We present a general machine learning framework for probing the electronic state properties using the novel quantum descriptor MolOrbImage. Each pixel of the MolOrbImage records the quantum information generated by the integration of the physical operator with a pair of bra and ket molecular orbital (MO) states. Inspired by the success of deep convolutional neural networks (NNs) in computer vision, we have implemented the convolutional-layer-dominated MO-NN model. Using the orbital energy and electron repulsion integral MolOrbImages, the MO-NN model achieves promising prediction accuracies against the ADC(2)/cc-pVTZ reference for transition energies to both low-lying singlet [mean absolute error (MAE) < 0.16 eV] and triplet (MAE < 0.14 eV) states. An apparent improvement in the prediction of oscillator strength, which has been shown to be challenging previously, has been demonstrated in this study. Moreover, the transferability test indicates the remarkable extrapolation capacity of the MO-NN model to describe the out of data set systems.
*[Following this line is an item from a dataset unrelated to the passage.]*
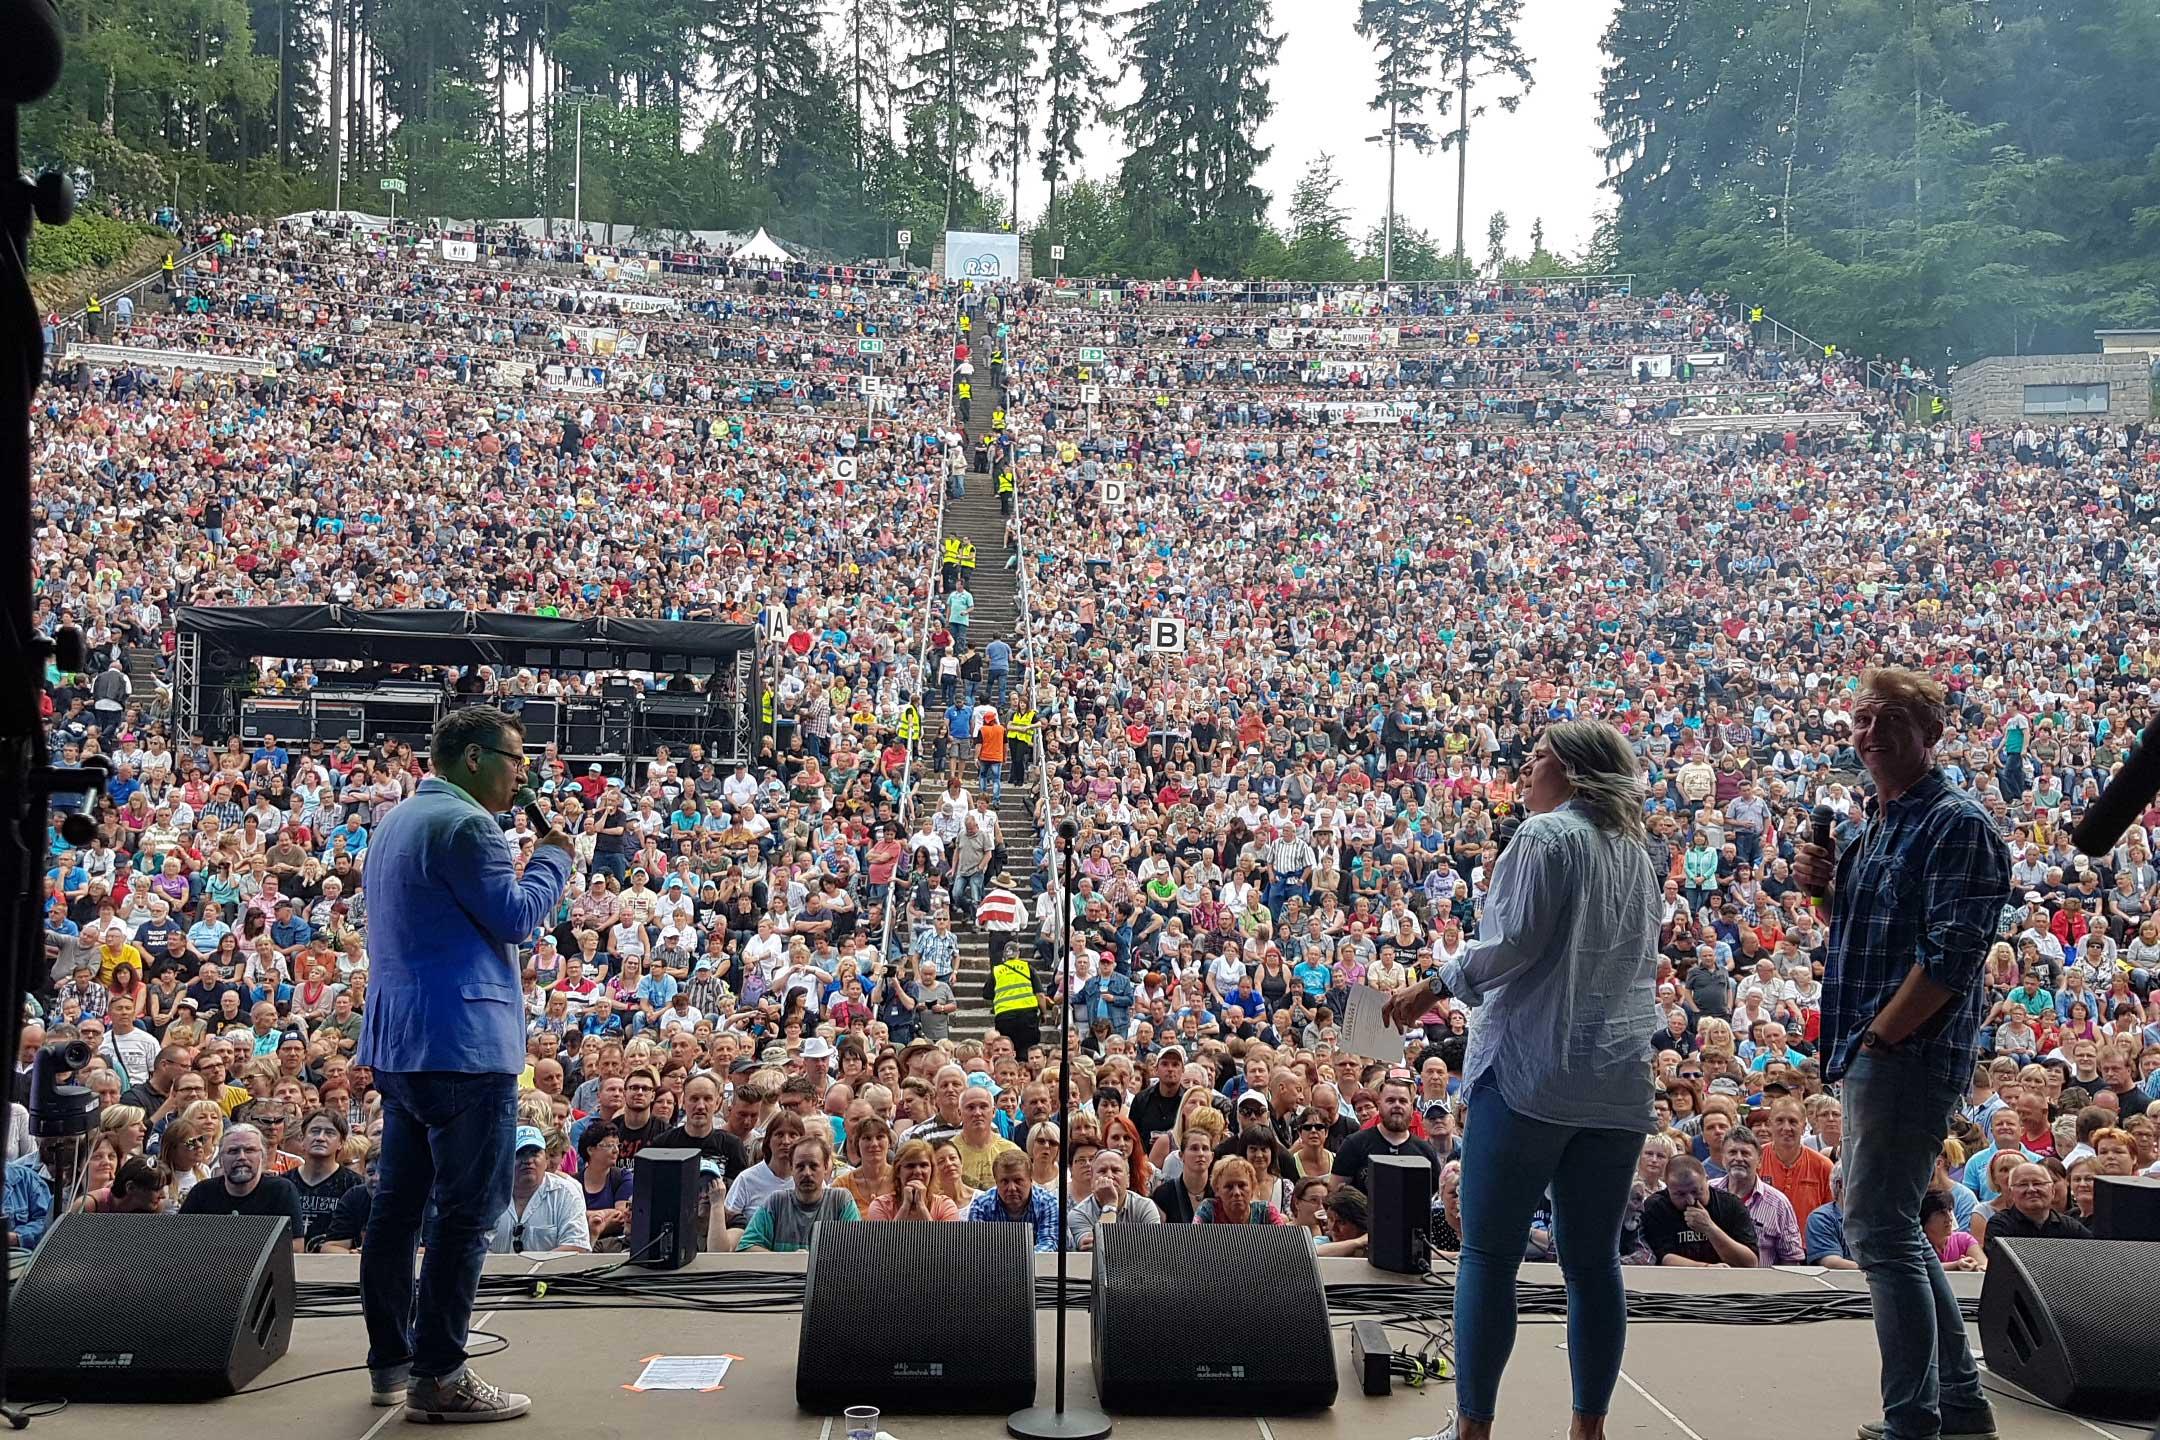 RSA Festival 2017

Molecular-orbital-based machine learning for open-shell and multi-reference systems with kernel addition Gaussian process regression

We introduce a novel machine learning strategy, kernel addition Gaussian process regression (KA-GPR), in molecular-orbital-based machine learning (MOB-ML) to learn the total correlation energies of general electronic structure theories for closed- and open-shell systems by introducing a machine learning strategy. The learning efficiency of MOB-ML(KA-GPR) is the same as the original MOB-ML method for the smallest criegee molecule, which is a closed-shell molecule with multi-reference characters. In addition, the prediction accuracies of different small free radicals could reach the chemical accuracy of 1 kcal/mol by training on one example structure. Accurate potential energy surfaces for the H₁₀ chain (closed-shell) and water OH bond dissociation (open-shell) could also be generated by MOB-ML(KA-GPR). To explore the breadth of chemical systems that KA-GPR can describe, we further apply MOB-ML to accurately predict the large benchmark datasets for closed- (QM9, QM7b-T, and GDB-13-T) and open-shell (QMSpin) molecules.
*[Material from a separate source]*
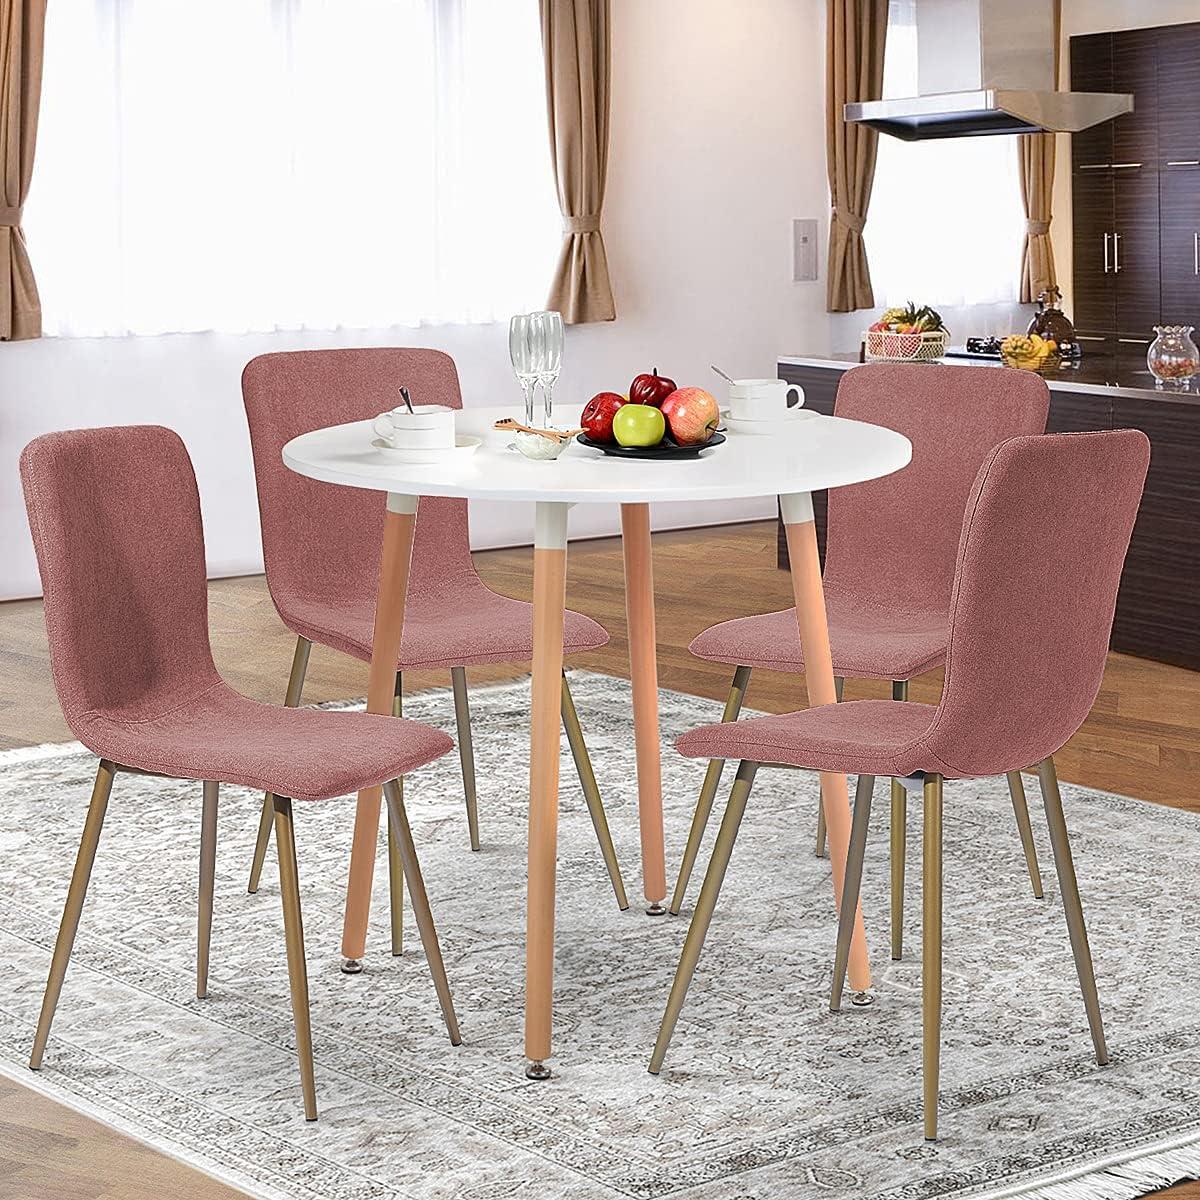 Geniqua 4 X Modern Albuquerque Mall Dining Chair Max 66% OFF Fabri Linen Coral Pink High Back

Molecular Dipole Moment Learning via Rotationally Equivariant Gaussian Process Regression with Derivatives in Molecular-orbital-based Machine Learning

This study extends the accurate and transferable molecular-orbital-based machine learning (MOB-ML) approach to modeling the contribution of electron correlation to dipole moments at the cost of Hartree--Fock computations. A molecular-orbital-based (MOB) pairwise decomposition of the correlation part of the dipole moment is applied, and these pair dipole moments could be further regressed as a universal function of molecular orbitals (MOs).The dipole MOB features consist of the energy MOB features and their responses to electric fields. An interpretable and rotationally equivariant Gaussian process regression (GPR) with derivatives algorithm is introduced to learn the dipole moment more efficiently. The proposed problem setup, feature design, and ML algorithm are shown to provide highly-accurate models for both dipole moment and energies on water and fourteen small molecules. To demonstrate the ability of MOB-ML to function as generalized density-matrix functionals for molecular dipole moments and energies of organic molecules, we further apply the proposed MOB-ML approach to train and test the molecules from the QM9 dataset. The application of local scalable GPR with Gaussian mixture model unsupervised clustering (GMM/GPR) scales up MOB-ML to a large-data regime while retaining the prediction accuracy. In addition, compared with literature results, MOB-ML provides the best test MAEs of 4.21 mDebye and 0.045 kcal/mol for dipole moment and energy models, respectively, when training on 110000 QM9 molecules. The excellent transferability of the resulting QM9 models is also illustrated by the accurate predictions for four different series of peptides.